Последним из трюма вышел скромный пожилой человек с вислыми усами и поникшими плечами. На его лице читалась усталость от самой жизни, которая длится и длится, не прекращая его мучения. И собравшиеся на площади люди его узнали. Некогда этот человек был молод и красив, считался наследником престола и был храбрым воином, водившим в штыковые атаки сербские полки… При этом он был еще и умен, переписываясь с Анри Пуанкаре по поводу полиноминальных функций. Потом родной брат Александр при помощи тайной организации, контролируемой Драгутином Димитриевичем, составил заговор, сначала отстранивший его от престола, а потом полностью изолировавший от общественной жизнь. Шестнадцать лет персональной психиатрической лечебницы подточили его силы и сломали характер, и только психосканер мог сказать, что где-то под толстым слоем серого пепла еще тлеет былой огонь характера, способного резать правду-матку в глаза королям и президентам. За это его и убрали, ведь неизвестно, кому и что этот человек скажет уже завтра или послезавтра. И вот ведь какая ирония судьбы: освободили его из заточения злейшие враги его родины, но даже у них не понялась рука причинить зло этому гордому и честному человеку.

– А вот этот человек, бывший наследный принц Георгий Петрович Карагеоргиевич, находится под моей защитой и защитой всей Империи, – сказал Вуйкозар Пекоц, полуобняв бывшего королевича за плечи. – Он так же понимает справедливость, как и мы с вами, и так же переживает за вашу родину Сербию. Не все из вашего народа готовы до конца, без оглядки, погрузиться в коммунистическую идею, и для таких участие в вашей власти опального, но авторитетного королевича придаст ей дополнительную легитимность. Со своей стороны должен сказать, что командование Империи, изучив суть дела, решило, что нынешнее королевское правительство в изгнании является нелегитимным, так как наследует узурпатору престола, покойному королю Александру. Все. Остальное решать уже вам, на плебисците, а также самому Георгию: на каком уровне и с какой ролью он сумеет встроиться в народную власть.

– Ладно, товарищ Пекоц… – вздохнул Драгойло Дудич, – мы поняли, что вы хотите сказать, но это и в самом деле не митинговый разговор. Если у вас в шляпе больше нет сюрпризов, то давайте пойдем в наш штаб и закончим разговор там. А остальных я попрошу расходиться; цирк уехал и представление закончилось.

Тогда же и там же. Бывший сербский наследный принц Георгий Карагеоргиевич.

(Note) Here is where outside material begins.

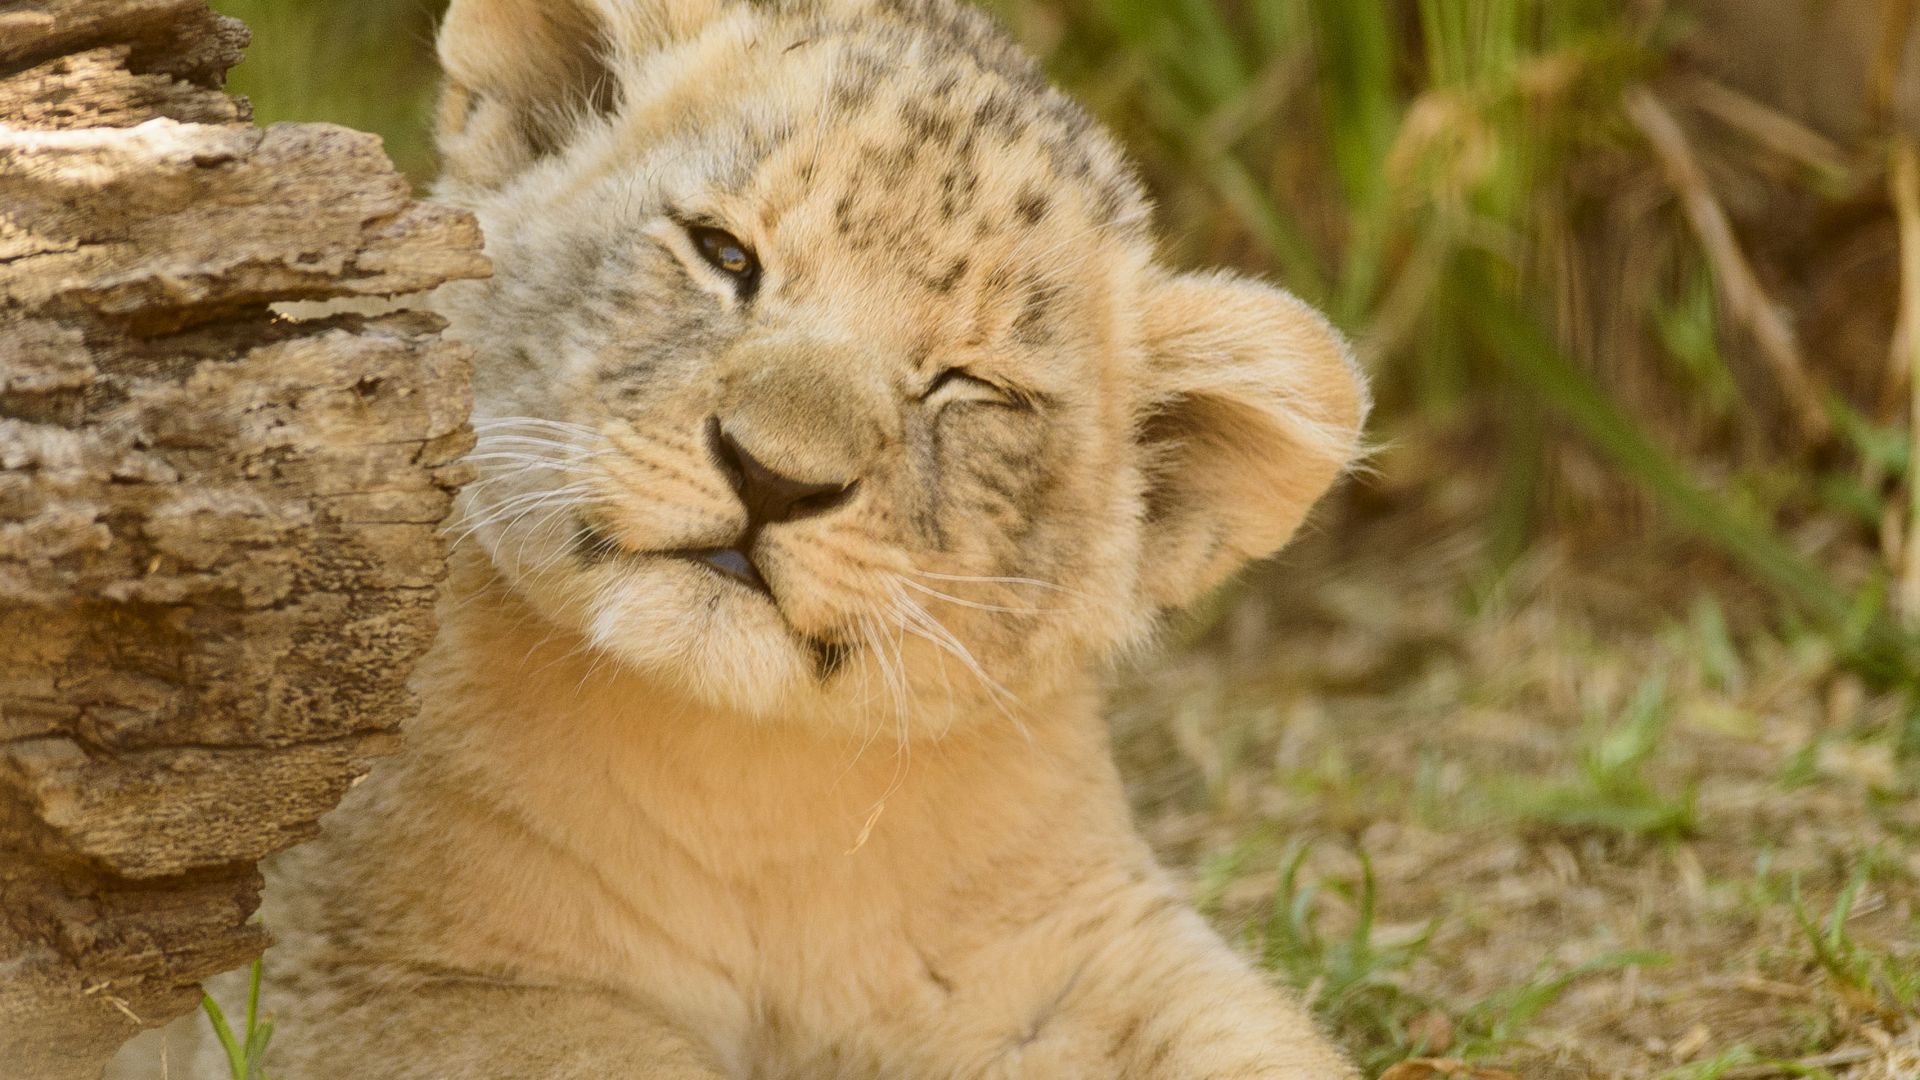 Desktop Wallpaper Lion Cub, Baby Animal, Cute, Play, 4k, HD Image, Picture, Background, 419cb1
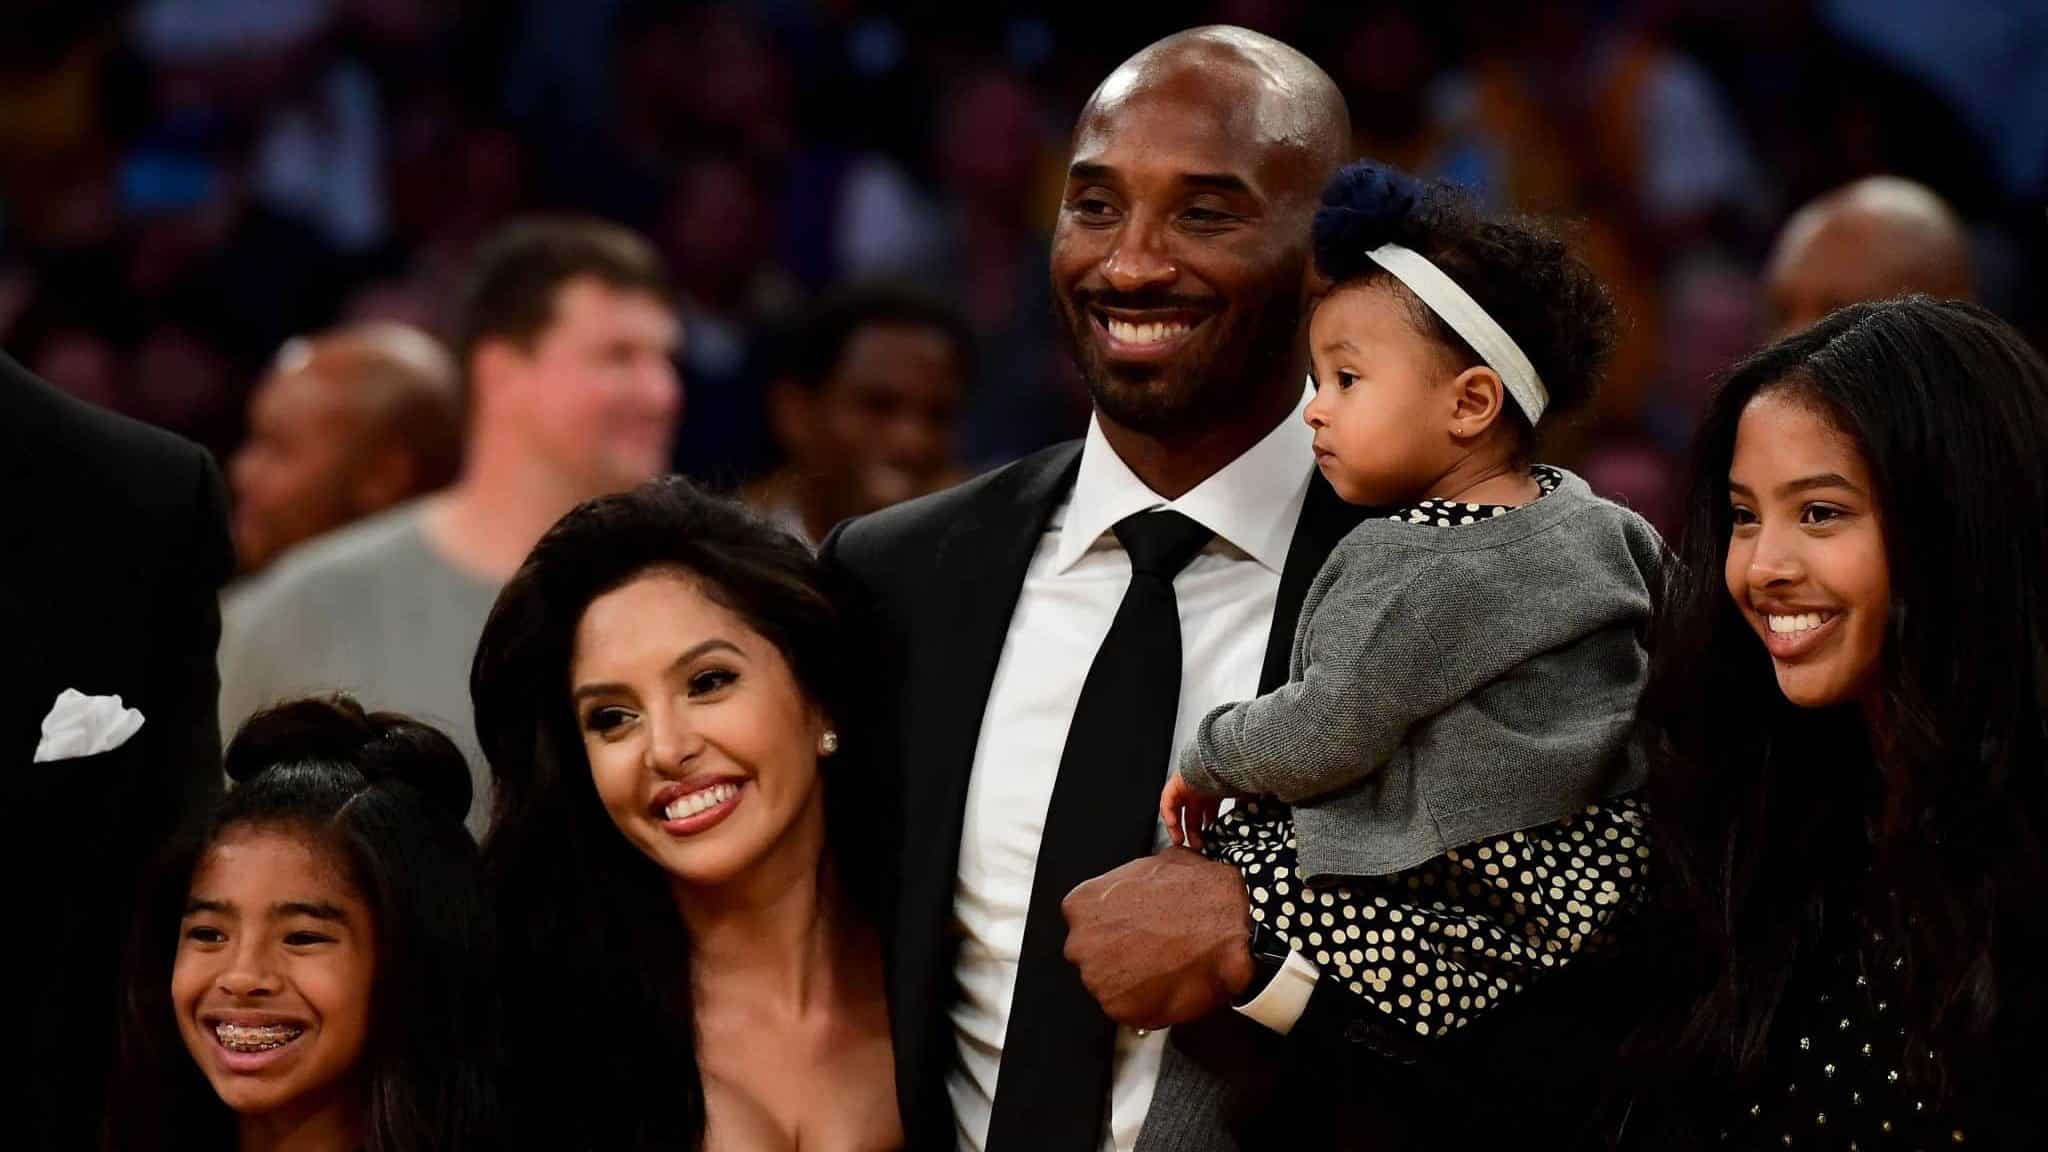 LOS ANGELES, CA - DECEMBER 18: Kobe Bryant poses with his family at halftime after both his #8 and #24 Los Angeles Lakers jerseys are retired at Staples Center on December 18, 2017 in Los Angeles, California.

Сначала мне было немного неуютно выходить из полутемного трюма космического аппарата на всеобщее обозрение людей, называющих себя коммунистическими партизанами. Я думал, что как бывший наследный принц окажусь для них совершенно чужеродным элементом, неким пережитком старины, возвращения которой в Сербию они надеются больше никогда не допустить. Изучив данные психосканирования в разрезе отношения к династии Карагеоргиевичей (и всем другим династиям оптом) я убедился, что эти люди уже утратили доверие к монархическому образу правления и теперь ищут для себя новых путей. Это чувство возможной чуждости по отношению к собственному народу сковывало мои члены и мешало сделать первый шаг. А он был необходим, ибо как я смогу приносить своему народу, если не перешагну сейчас эту невидимую черту.

Но рано или поздно неизбежное должно было случиться. Вот господин Пекоц закончил объяснять местным коммунистам, как это у них называется, «политику партии» – и двое его солдат самым решительным образом вытолкнули генерала Беме на его заслуженную Голгофу. Не могу сказать, что я хоть в чем-то сочувствую этому человеку; он был моим врагом в прошлую войну, остался им и сейчас. По приказу Гитлера он убивал сербов только за то, что те не хотят жить под немецкой властью, и мне кажется абсолютно справедливым, что Империя не стала судить его своим судом, а отдала в руки сербского народа.

И народ наш повел себя достойно. Я видел это, потому что тихонько вышел вслед за генералом Беме, стараясь быть как можно менее заметным. Люди, плотным кругом обступившие площадь, куда опустился летательный аппарат, не кричали: «распни его, распни!», не бесновались и не плевали в сторону ненавистного им человека. Вместо того они смотрели на генерала Беме в мрачном молчании. Я стал вглядываться в их лица; от усиления внимания заработал психосканер, и я почувствовал эмоции собравшихся на площади ужичан. В настоящий момент ими владели два чувства: скорбь по погибшим и молчаливое предчувствие свершения справедливости. Мы, сербы, слишком часто переживаем скорбь, ибо наша история есть череда сплошных страданий, и редко ощущаем справедливость – так что это чувство оказалось для нас неизведанным.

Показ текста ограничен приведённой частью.